Prezydent Wrocławia zatrzymany. Jest oświadczenie ratusza

Wrocławski ratusz, w związku z doniesieniami o zatrzymaniu prezydenta miasta, wydał oświadczenie. "Urząd Miasta Wrocławia funkcjonuje normalnie i wypełnia swoje codzienne zadania. W przypadku każdej nieobecności Prezydenta Wrocławia decyzje związane z funkcjonowaniem miasta podejmuje pierwszy zastępca" - czytamy w komunikacie w mediach społecznościowych.

Prezydent Wrocławia zatrzymany. Jest oświadczenie ratusza
Prezydent Wrocławia zatrzymany. Jest oświadczenie ratusza
Źródło zdjęć: © East News | Marek Durajczyk
Sara Bounaoui

14.11.2024 | aktual.: 14.11.2024 15:42

Agenci CBA zatrzymali w czwartek prezydenta Wrocławia. - Został zatrzymany rano w mieszkaniu - powiedział rzecznik MSWiA. Wyjaśnił, że chodzi o nieprawidłowości i podejrzenia popełnienia przestępstw dotyczącej dość głośnej sprawy Collegium Humanum.


Przypomnijmy - afera Collegium Humanum dotyczy prywatnej uczelni, która, jak wykazało śledztwo CBA, miała sprzedawać dyplomy, w tym na kierunku MBA (z ang. Master of Business Administration, czyli studiów podyplomowych skoncentrowanych na zarządzaniu biznesem i finansami). Dzięki tym dyplomom absolwenci, w tym osoby związane z polityką, mogli aplikować na wysokie stanowiska na przykład w spółkach Skarbu Państwa.
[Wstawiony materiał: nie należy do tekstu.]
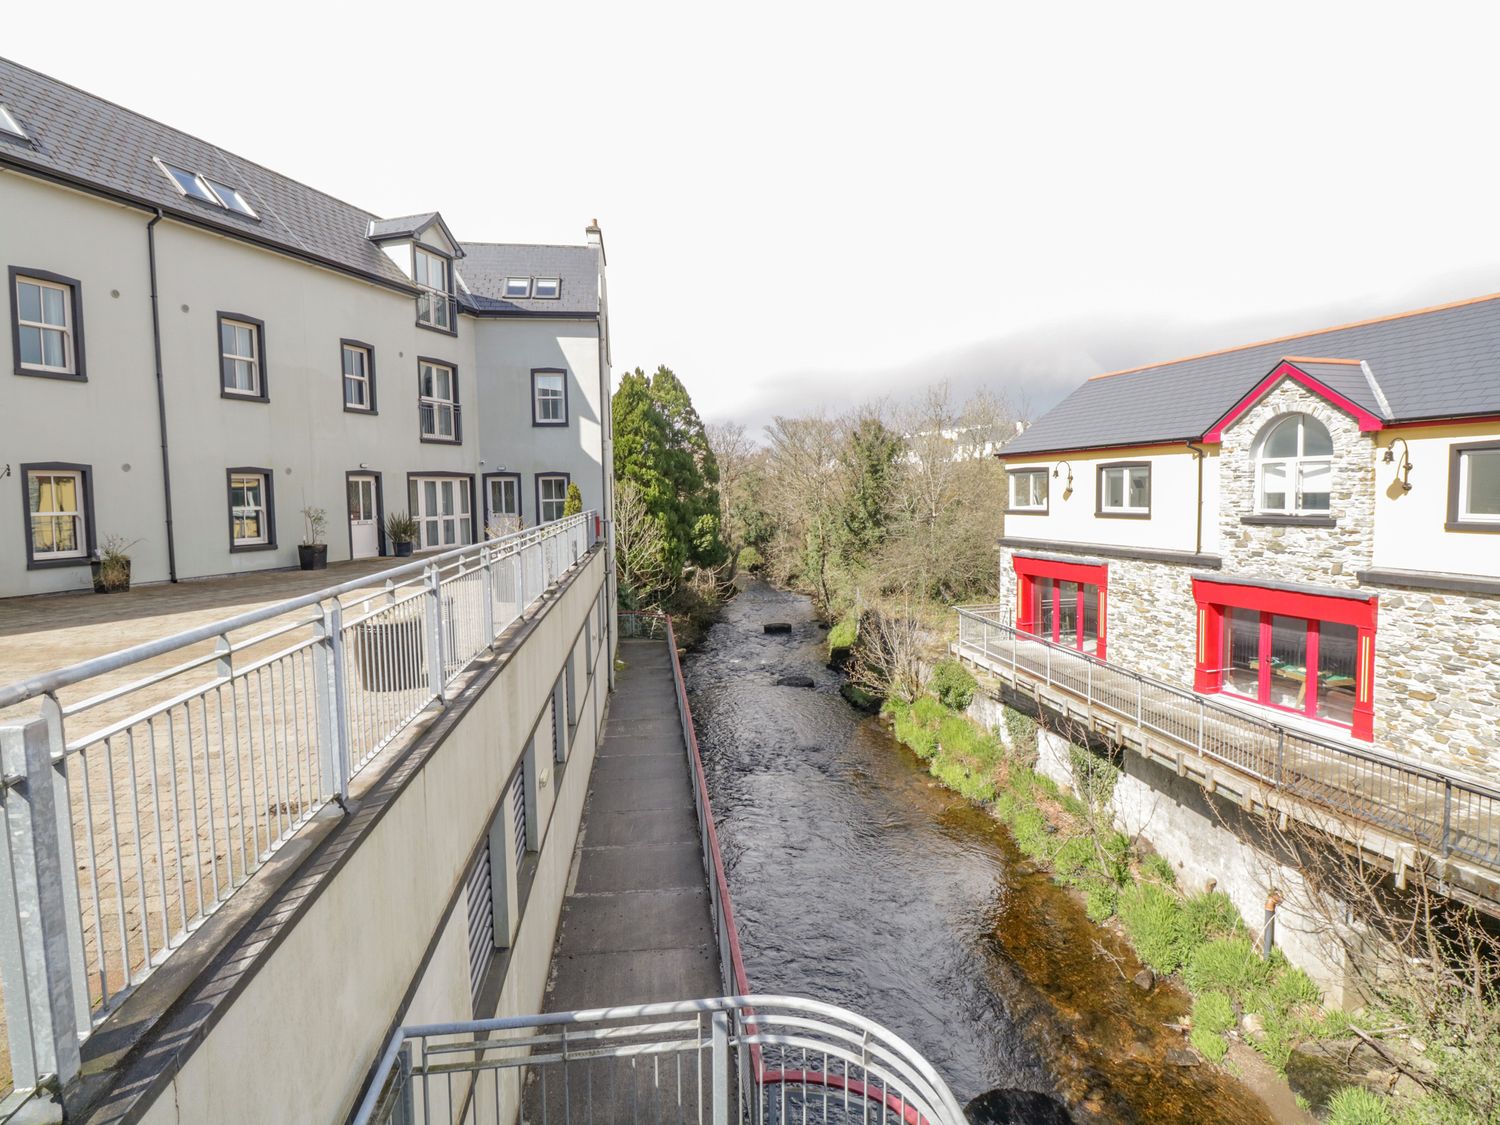 Central Ardara Riverside Apartment - County Donegal - 939487 - photo 1

Rektor oraz inne osoby powiązane z uczelnią są podejrzani o prowadzenie "fabryki dyplomów", sprzedając dokumenty za łapówki. 

"Decyzje podejmuje pierwszy zastępca"

Po upublicznieniu informacji o zatrzymaniu prezydenta Wrocławia tamtejszy ratusz wydał oświadczenie w tej sprawie. Zapewnia, że miejski urząd pracuję bez zakłóceń.

"Urząd Miasta Wrocławia funkcjonuje normalnie i wypełnia swoje codzienne zadania. W przypadku każdej nieobecności Prezydenta Wrocławia decyzje związane z funkcjonowaniem miasta podejmuje pierwszy zastępca, to znaczy Pani Wiceprezydent Renata Granowska" - czytamy w oświadczeniu opublikowanym w mediach społecznościowych.

Dalej w komunikacie przypomniano wcześniejsze oświadczenie Jacka Sutryka w sprawie Collegium Humanum. Prezydent miasta zapewnił w nim, że zapłacił za studia z własnych środków i zakończył je stosownym egzaminem.

"Podobnie jak kilkanaście tysięcy osób w całej Polsce czuję się w tej sprawie osobą pokrzywdzoną i oczekuję jej szybkiego wyjaśnienia przez odpowiednie służby państwowe. (...)" - czytamy w oświadczeniu prezydenta Wrocławia z 3 marca 2024 roku.